Fifteen years ago, hoteliers Peter and Hazelmary Bull made some mocking headlines when reporters noticed their stodgy guest policy: No double rooms for unmarried couples. “You have got to have principles,” Mrs. Bull told the Mirror at the time, under the headline “You Couldn’t Make It Up.”

The Bulls had been turning away unwed mini-breakers from their Cornish guesthouse since 1986, and no one had sued them for it yet. It was, after all, no crime to be the least-cool B&B in England.

That appears to have changed. Last month a British appeals court upheld a £3,600 fine against the Bulls, who in 2008 turned down Martyn Hall and Steven Preddy for a double room, despite their being joined in a civil partnership. The British government has recognized such unions since 2005; the Bulls, born-again Christians, do not. Messrs. Hall and Preddy sued, on the grounds that their rights had been violated under the U.K.’s 2007 Equality Act, which bars sexual-orientation discrimination in the provision of services.

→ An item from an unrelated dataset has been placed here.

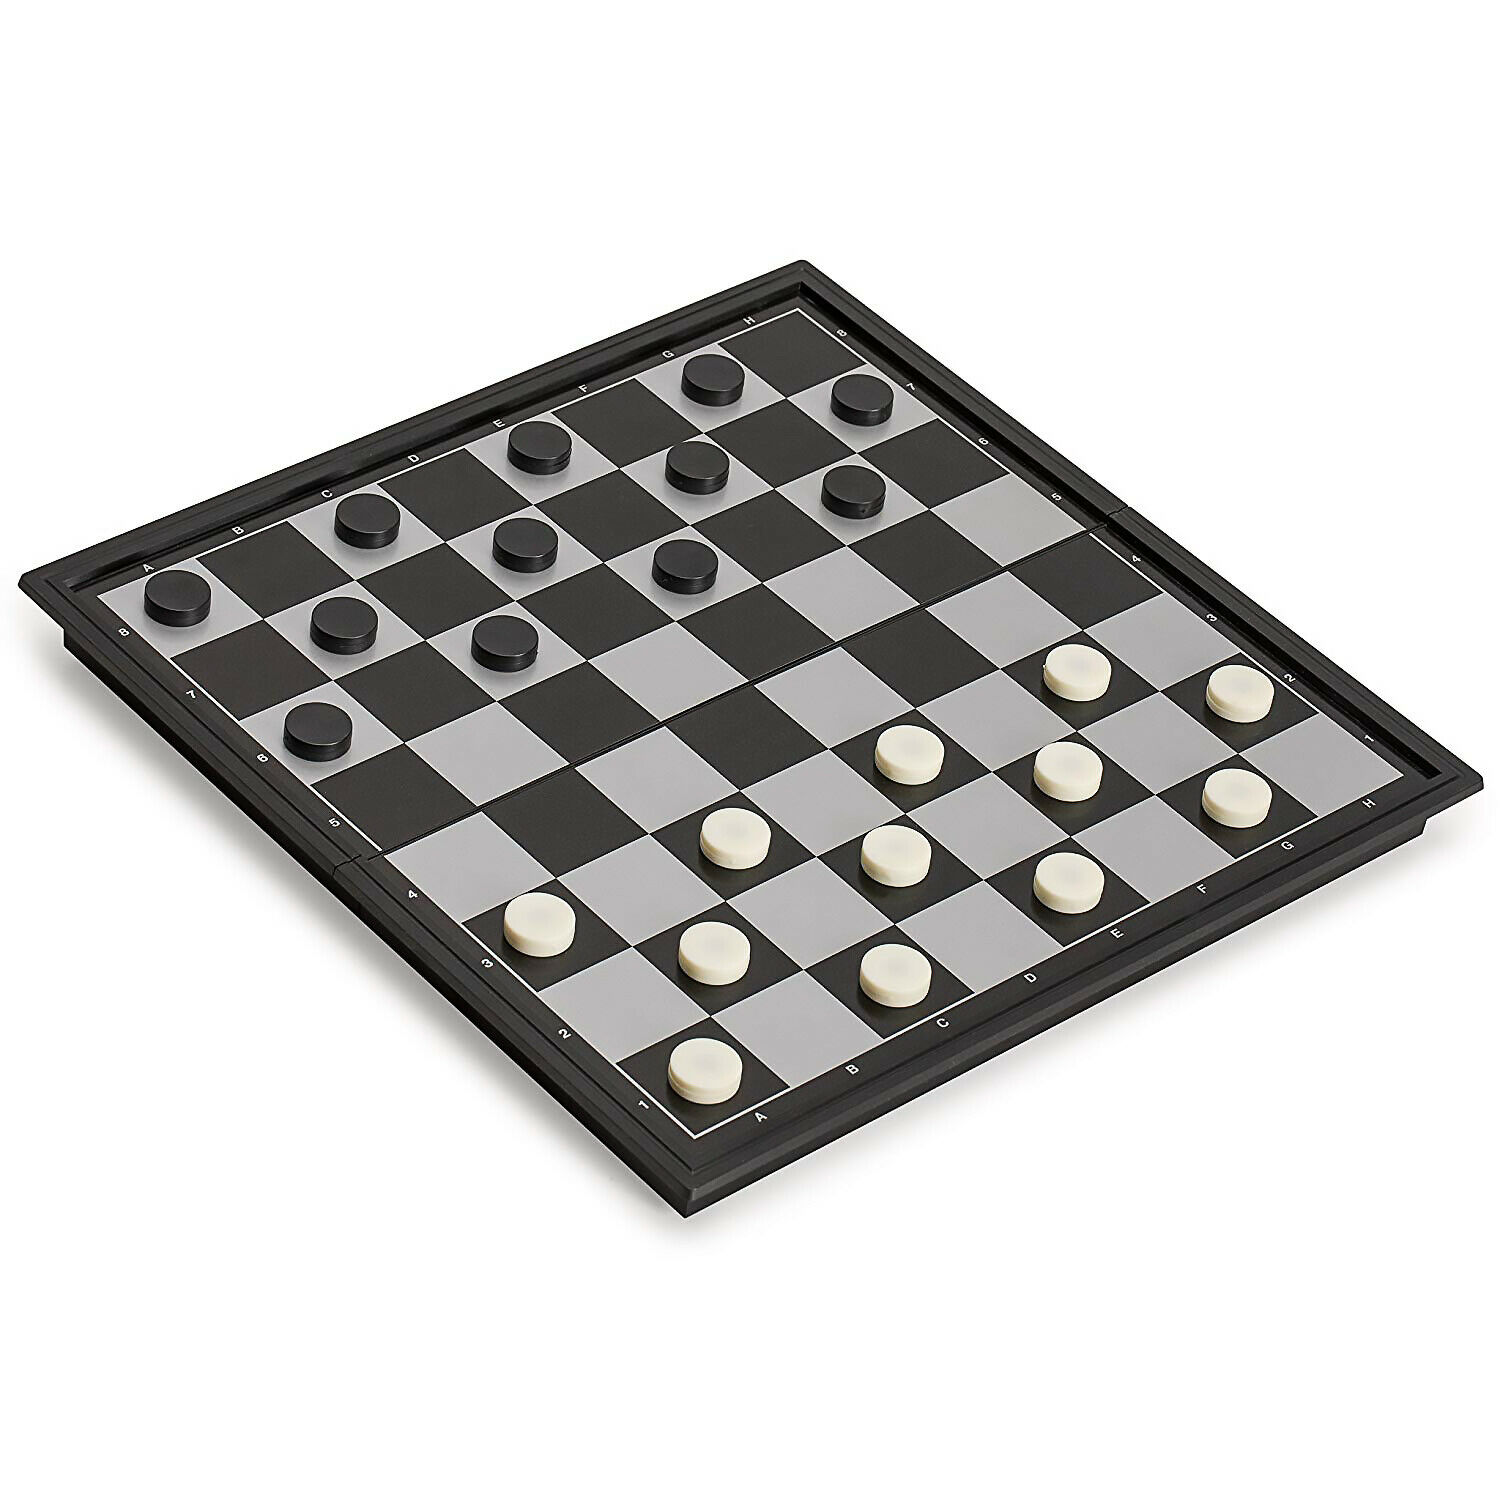 Шашки 3 игра. Шахматы магнитные 3in1 Chess Set 32x32. Шахматы Chess and Checkers. Magnetic 3in1 шахматы. Три игры в одной магнитные 3in1 Chess Set.

The Bulls are now hoping to appeal to the U.K. Supreme Court and, if that fails, the European Court of Human Rights. British law currently exempts some religious institutions from some nondiscrimination laws, but commercial guesthouses don’t count. While the Bulls are perfectly entitled to be Christian in private, their business is a “service and public function” under British law, because they offer their services to the “public.”